Место, где мы жили, именовалось Промплощадкой. Находилась она на окраине города, выстроенного перед войной. Барак наш стоял прямо у дороги.
Город был необычен — какой-то гибрид без плана разбросанных улиц с нефтепромыслом и бумкомбинатом. Буровые вышки и нефтяные насосы-качалки попадались чуть ли не среди жилых зданий.
Барак наш разделялся на три секции, две семейные и одна — общежитие на двенадцать коек. По военным временам мы — выпускники техникума — устроились совсем неплохо. В бараке даже было электричество.
Посередине комнаты громоздилась большая печь с плитой, которую мы топили углем, приворовывая его на железнодорожной станции.
По двенадцать часов мы работали, не считая времени на дорогу, а они, дороги, были в десятки километров, а добирались мы — как повезет. Всегда мы хотели есть и спать, особенно зимой. Вернешься с мороза (а военные зимы были на редкость злыми) в общагу, где от плиты исходит густой жар, который почему-то казался мне мохнатым, и сразу начинают слипаться веки, но заснуть не дает голод…

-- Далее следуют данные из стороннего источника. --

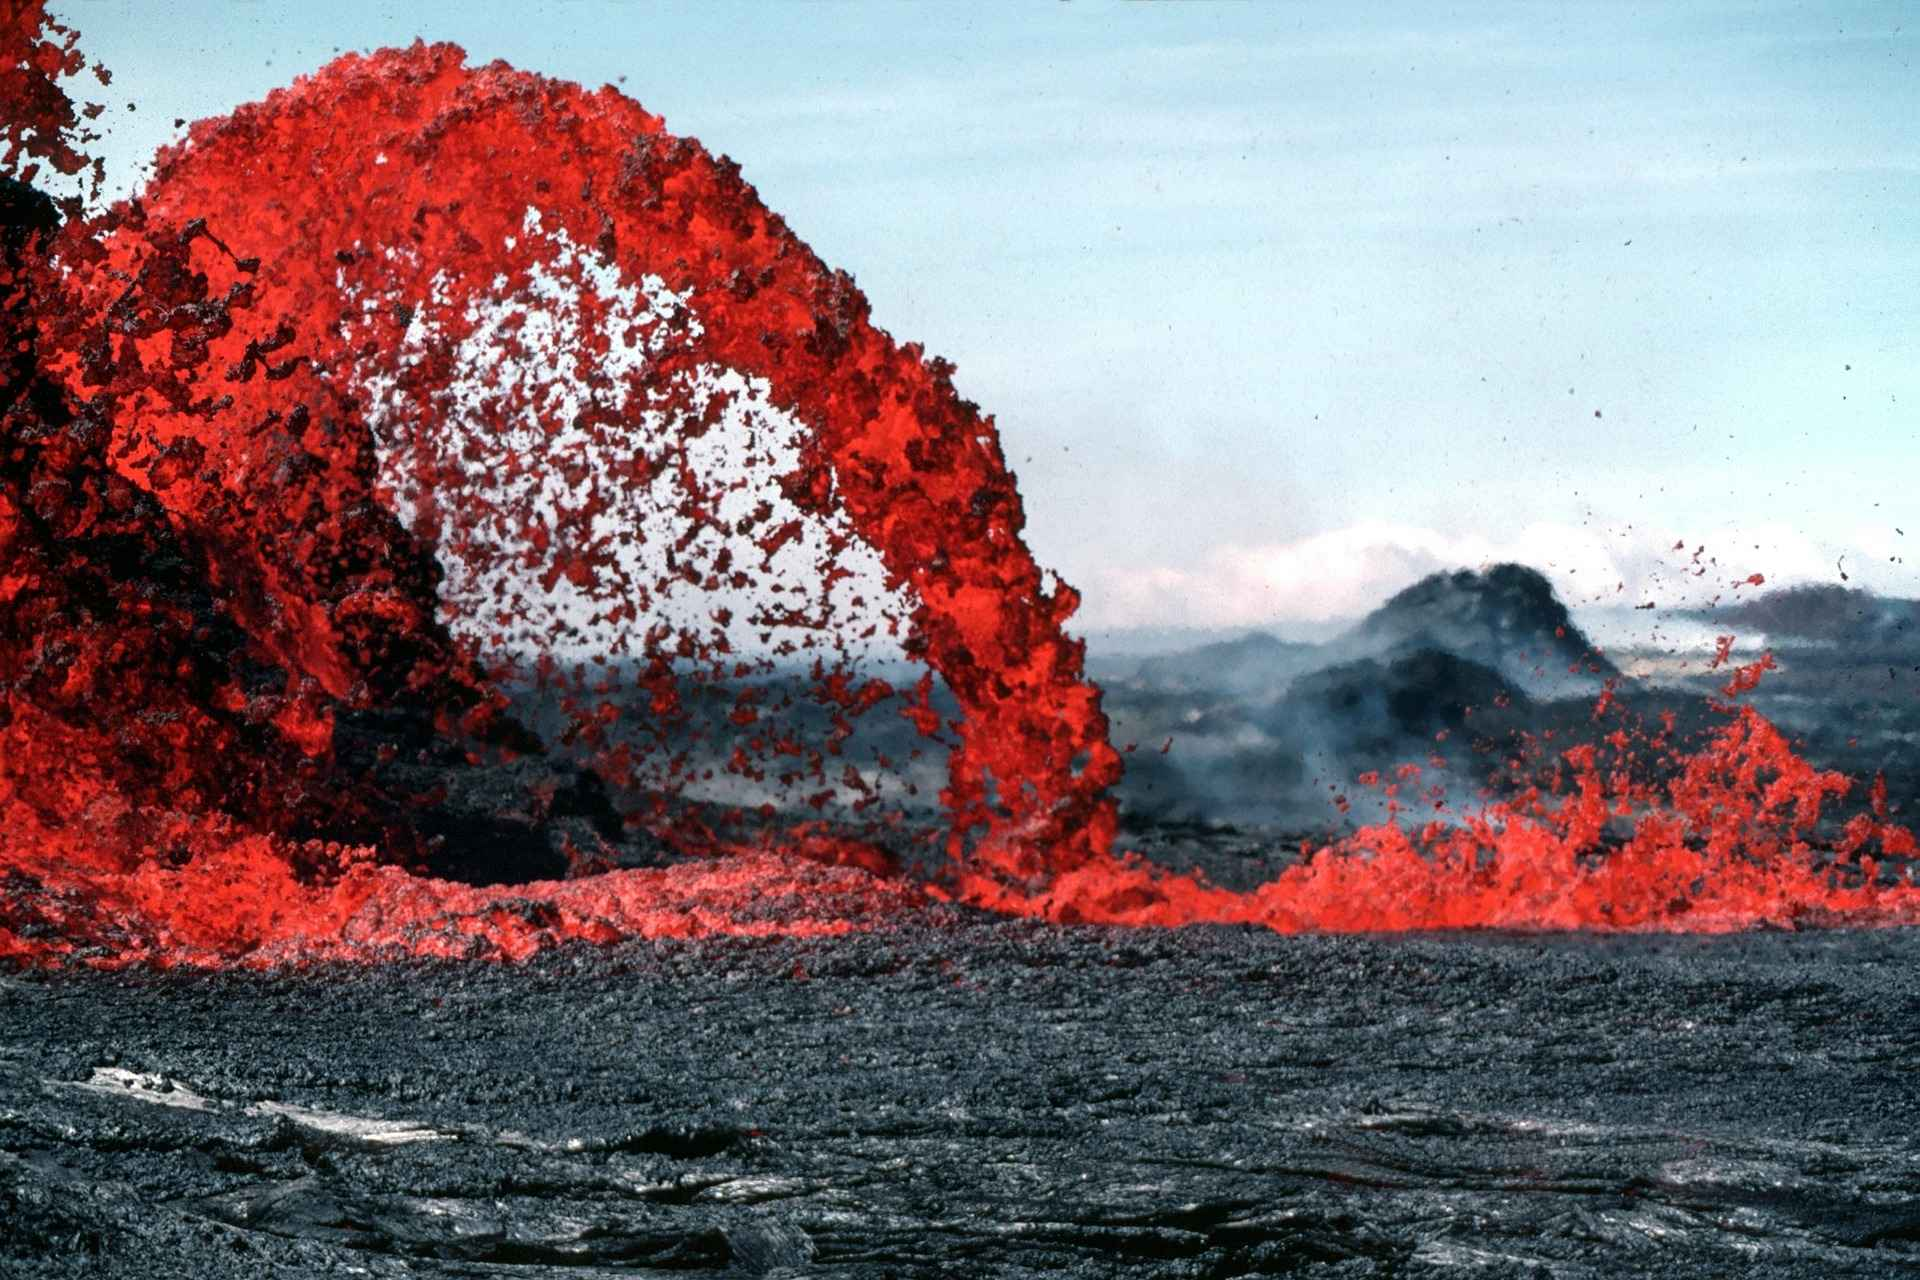 red hot spewing magma bursting volcano

В тот вечер, когда состоялось наше с Серегой знакомство, я блаженствовал: у меня была такая высокая температура, что меня освободили от работы. У нас в электроразведке был так называемый ненормированный рабочий день. Это значило, что меня могли вызвать на базу в любое время суток на любой срок да еще без еды. Вот, бывало, лежишь под одеялом, от плиты — африканское тепло, глаза слиплись, в животе — полкотелка овсянки и литр кипятка, а за окном — сквозь любой сон услышу — машина остановилась: мне ехать на буровую. Я одеваюсь у плиты, чтобы забрать в себя как можно больше тепла, вздеваю на себя кроме рубашек, фуфайку, пиджак, телогрейку, полушубок, брезентовый плащ, еле-еле залезаю в кузов. Километров сорок в ледяной ночи на ветру…
И вот я лежал, и никто не имел права вызвать меня на работу! Никто!
А если к этому добавить, что из-за температуры я не очень хотел есть, а весь день проспал, то можете поверить, что мне было как в сказке? Да еще под подушкой — книга «Алые паруса»… Чего еще надо?
…Тетя Лида вернулась из умывальни, прошлась по комнате, как еще никогда не ходила — все тело ее ожило, играло, что ли, веселилось. Никого не видела она, села к столу и умиленно-стыдливо выговорила:
— Моется… — и застенчиво, красиво улыбнулась.
А надо сказать, что в нашей умывальне холодно было как на улице, и тетя Лида затратила много сил, терпения и голоса, чтобы приучить нас умываться каждое утро и после работы. Серега же там пробыл больше получаса, вернулся сияющим, разгоряченным и как бы одновременно продрогшим; короткие волосы торчали мокрым ежиком. На парне было чистое нижнее белье с завязками вместо пуговиц. Он сел у плиты уже не на пол, а на подставленную тетей Лидой табуретку, негромко попросил:
— Портянки мне состирай скорее. Кипяточку мне плесни. Карточки я ведь только к завтраму получу. А не жрамши я давненько.
И опять засуетилась, заспешила, заспотыкалась почти на каждом шагу тетя Лида, а он все, даже кусочек хлеба и две вареные картофелины принял как должное, без тени удивления или благодарности, громко прихлебывал кипяток, куда тетя Лида бросила несколько кристалликов сахарина, щурил голубые пустые глаза, в которых мгновениями — это когда он задумывался — появлялось что-то ласково-хищное.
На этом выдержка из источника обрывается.